7 Painful Truths All Empaths Must Eventually Face About Narcissists

 

5 – The narcissist is not the “runner” in what you thought was a twin flame relationship

Many empaths mistake the dysfunctional undercurrents of a relationship with a narcissist as those of the twin flame runner/chaser dynamic.

Narcissists take advantage of this mistaken belief, using it as a great window of opportunity to disappear from the Empath so they can groom other supply or generally live life on their own terms, which includes pretending to be in a committed, progressive relationship, all while they secretly live life as a single person behind the Empath’s back.

Narcissists excuse themselves for this covert behavior by claiming they love the Empath too much and are frightened by the depth of their love, hence why they feel inclined to “run”.

 

6 – Even if you and the narcissist made contracts together before this lifetime, you must accept the necessity to move on without them

In the spiritual scheme of things, many people believe narcissists are put in our lives to help us evolve into healed, cosmically aware individuals.

While that may be true, we must recognize when it comes time to sever those ties and vows with the narcissist, which feels devastating for any Empathic individual with strong moral codes.  Whereas Empaths want to soothe the narcissist’s hurts and help them feel secure, the narcissist simply wants to siphon the Empath’s compassionate energy like fuel for an engine.

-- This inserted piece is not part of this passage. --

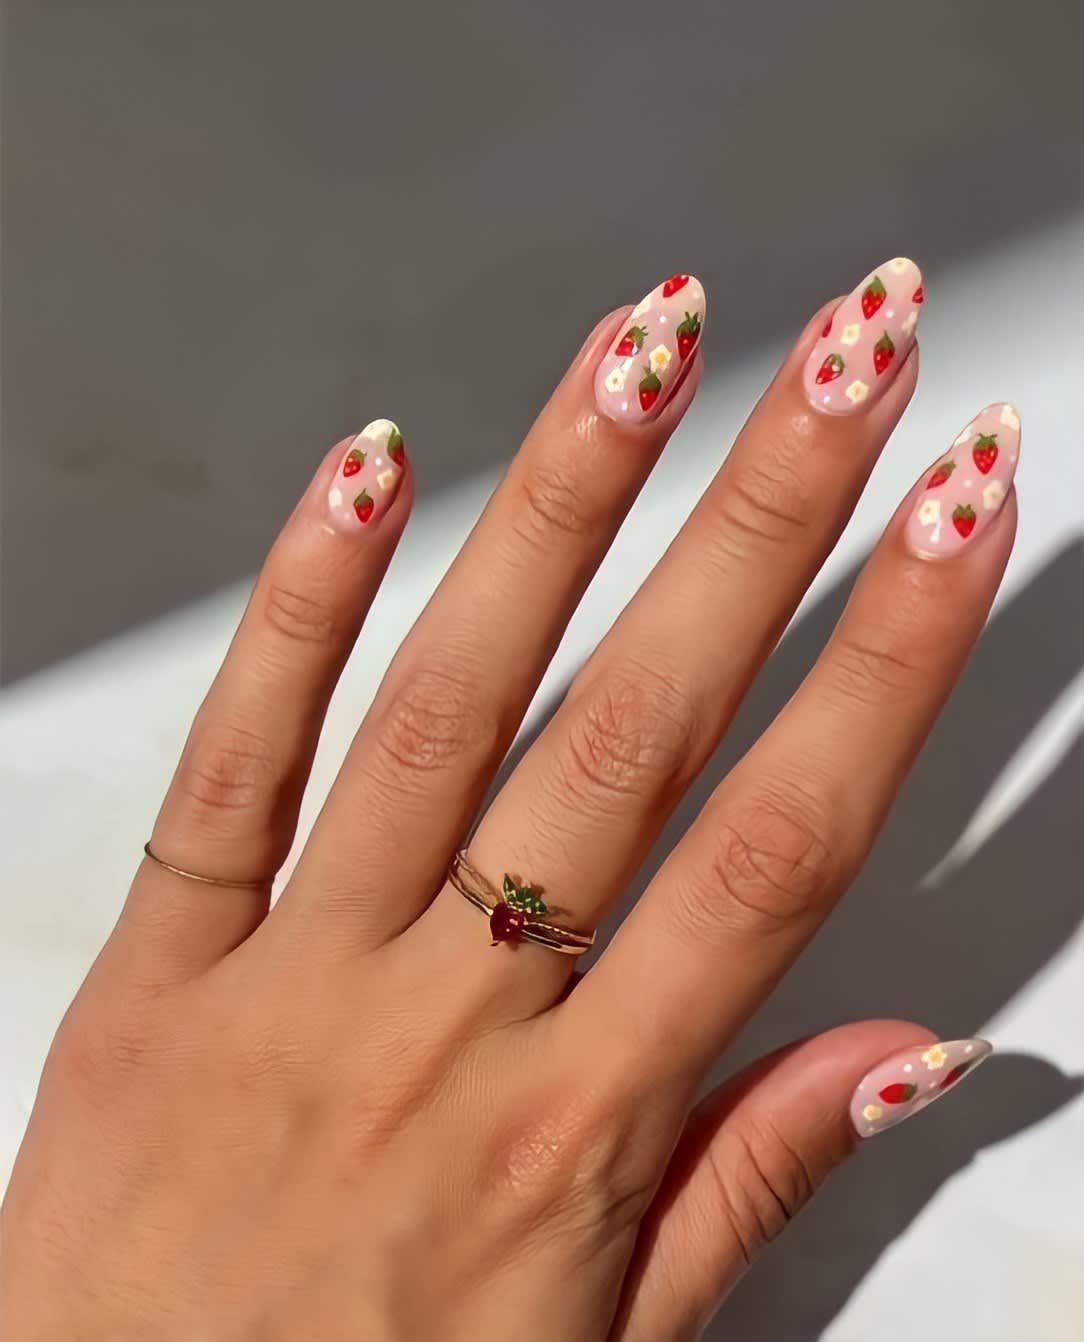 Hand with strawberry and daisy painted nails

Even after the relationship ends, the energetic ties remain, despite the amount of time that elapses.  And even though you may be apart from them now, you’re still deeply bonded to them energetically. This can drain your energy, as well as cause symptoms of depression and hopelessness.  Therefore, it’s critical to cut the energetic ties with the narcissist so you can move on.

 

7 – Love doesn’t always conquer all

Most Empaths hold these common beliefs about love and relationships:

Where there’s a will, there’s a way.  Love conquers all.  Everyone has some good in them and deserves the benefit of the doubt.  If you want to be forgiven, you must forgive.  The Ex didn’t have any family or friends, and now I’ve “abandoned” them, too.  I wasn’t perfect, either. 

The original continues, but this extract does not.